Bill McKibben wrote the first popular warning about climate change, The End of Nature, 21 years ago. These days he spends relatively less of his boundless energy writing than he does organizing a global grassroots mission, 350.org, to bring the carbon content in the atmosphere back down to a sustainable 350 parts per million. In key dimensions Bill McKibben and 350.org are mirror opposites of Tom Friedman and Hot, Flat and Crowded. The Friedman drumbeat is for a competitive corporate super-tech and, of course, super-profitable American-led greening of a global economy. It sounds to McKibben like “butch environmentalism.”

Look, it’s a nice fantasy that we would just keep the machine going as it’s going, but rip out the internal combustion engine and toss in a solar panel. And on we would fly. I don’t think it’s a realistic one. I think among other things it just completely ignores the physical difference between fuels. Fossil fuel was the most important thing about modernity. It’s what modernity was. It describes why we live the way we live. It’s dense, rich in BTUs, concentrated in a few places, easy to get at and easy to transport…

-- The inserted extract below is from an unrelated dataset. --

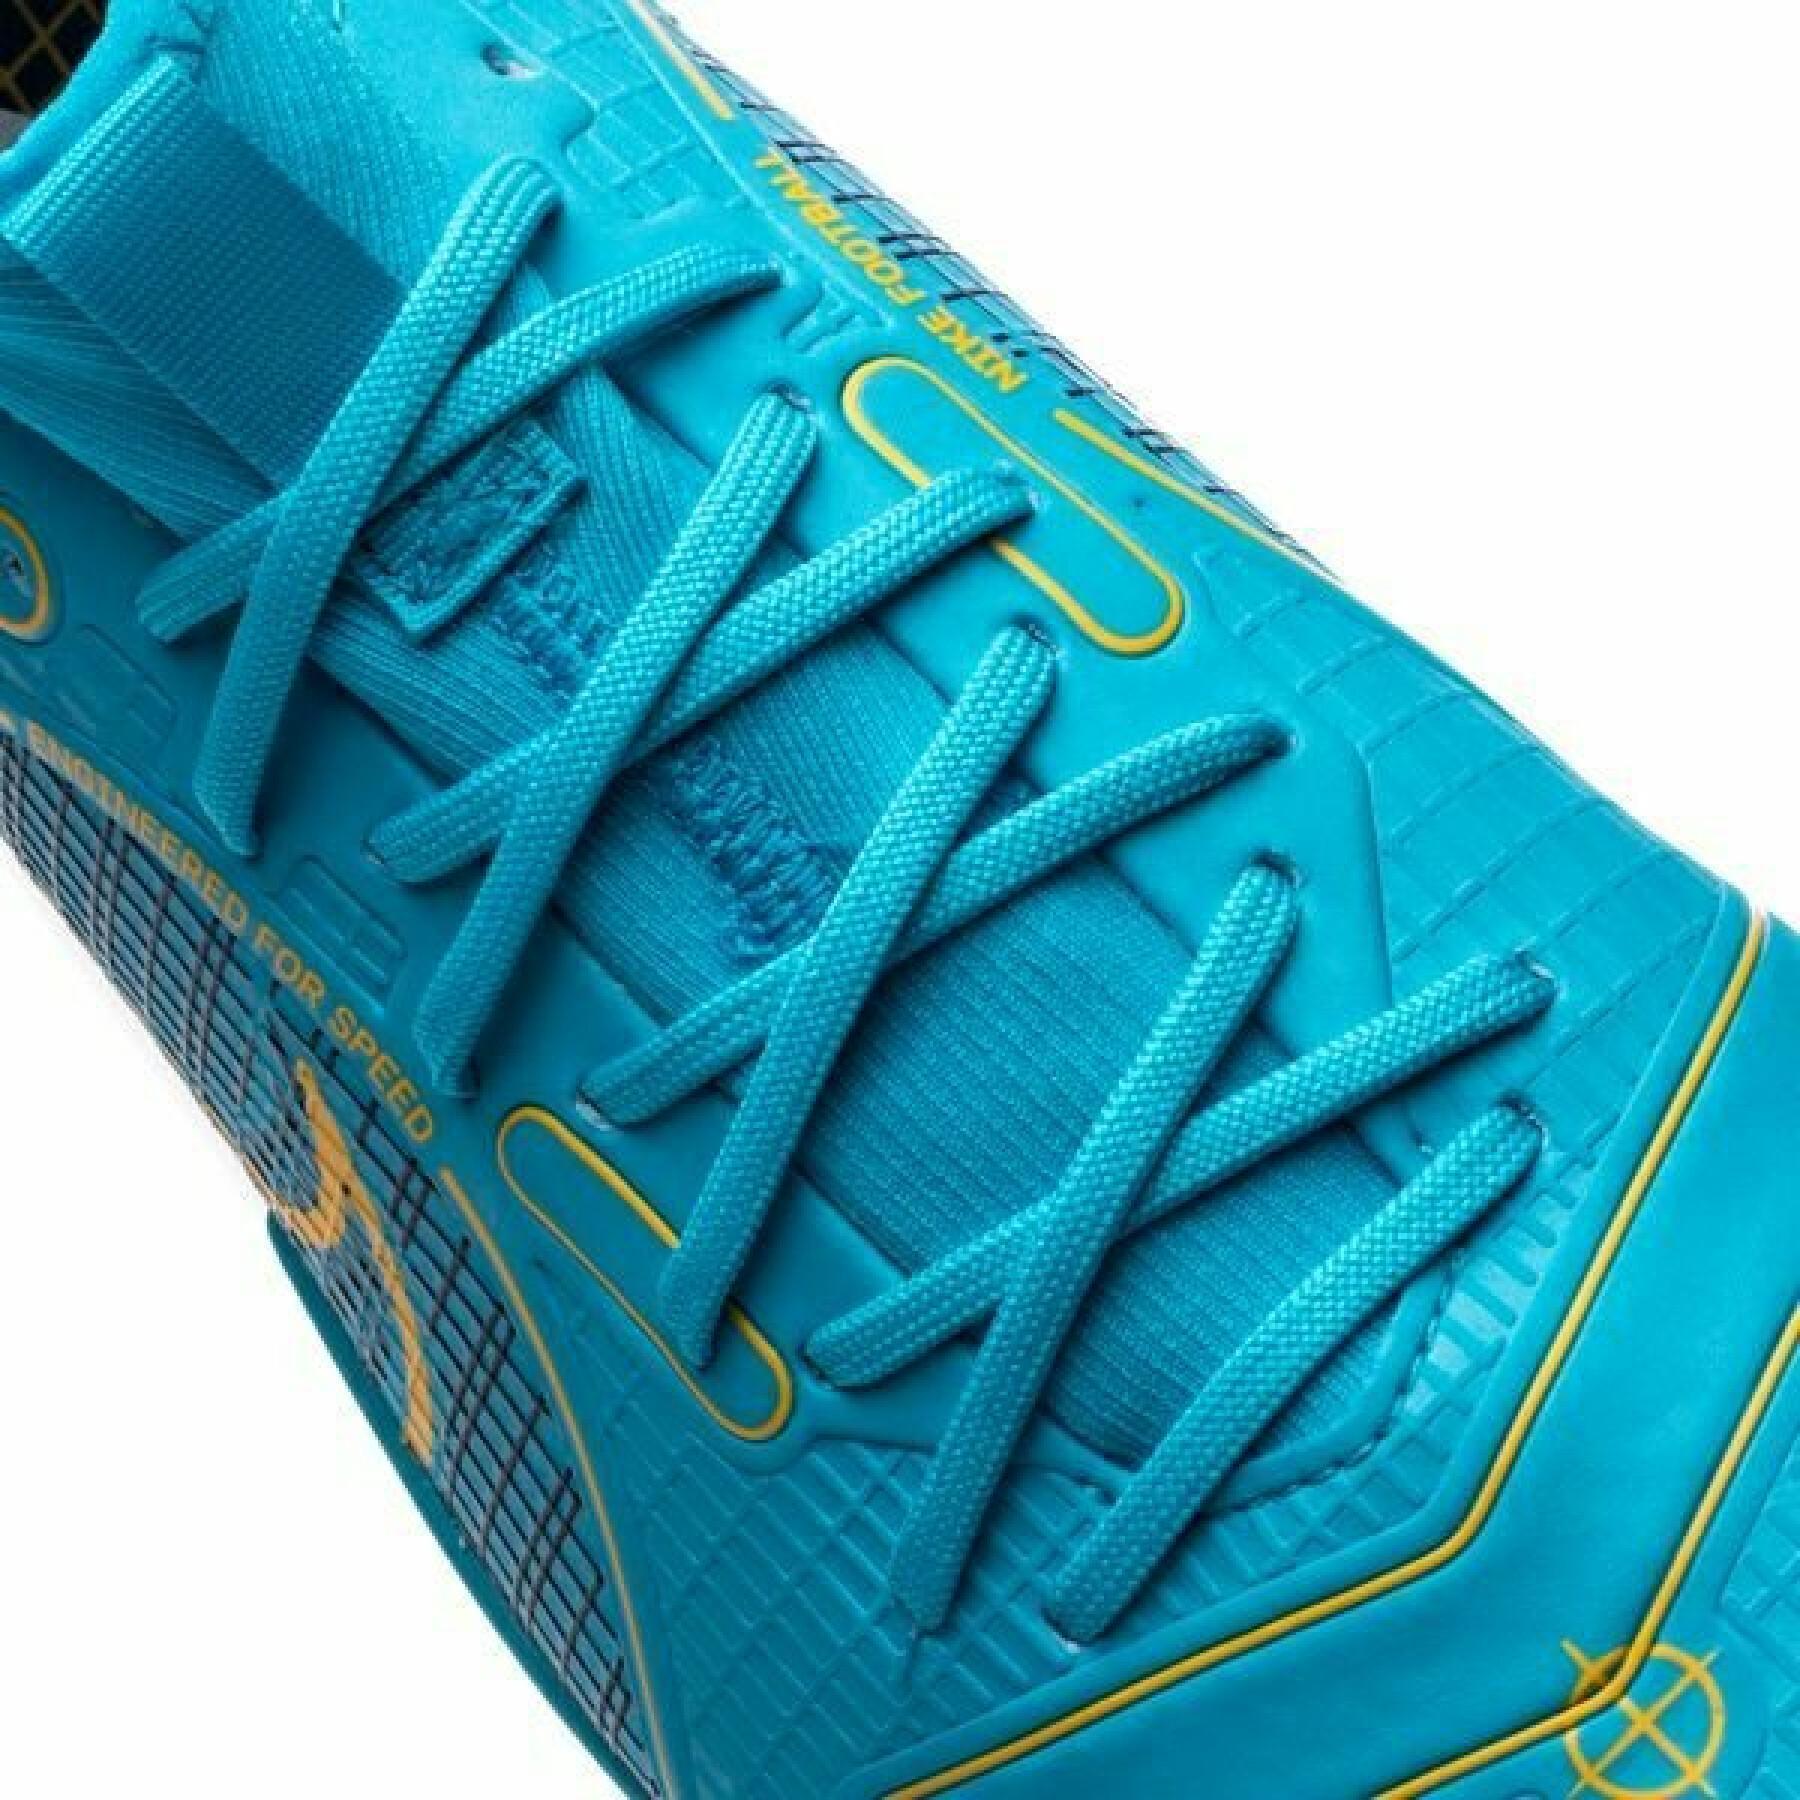 Children's soccer shoes Nike Jr. Mercurial Superfly 8 Academy TF -Blueprint Pack

That’s not the world we’re moving into. The kind of energy we can afford to use, sun and wind and such, is very different. It’s omnipresent but it’s diffuse. It’s dispersed. The logic that goes with it is almost exactly the opposite logic.

We need a farmers’ market in electrons, and a farmers’ market in food… We need to figure out how to spread out and become stable and resilient, and part of that’s being smaller.

What’s the most important phrase of the last three years? If you ask me, it’s got to be, “too big to fail.” It wasn’t just our banks that were too big to fail. Much worse than that is our food system and our energy system. If they go, then we’re in much deeper trouble. They’re just as centralized, just as deeply linked and just as shaky as the banks ever were. And that’s why it’s encouraging that we’re at least beginning to think about how we might build those things down.

Bill McKibben in conversation with Chris Lydon in Boston, April 30, 2010.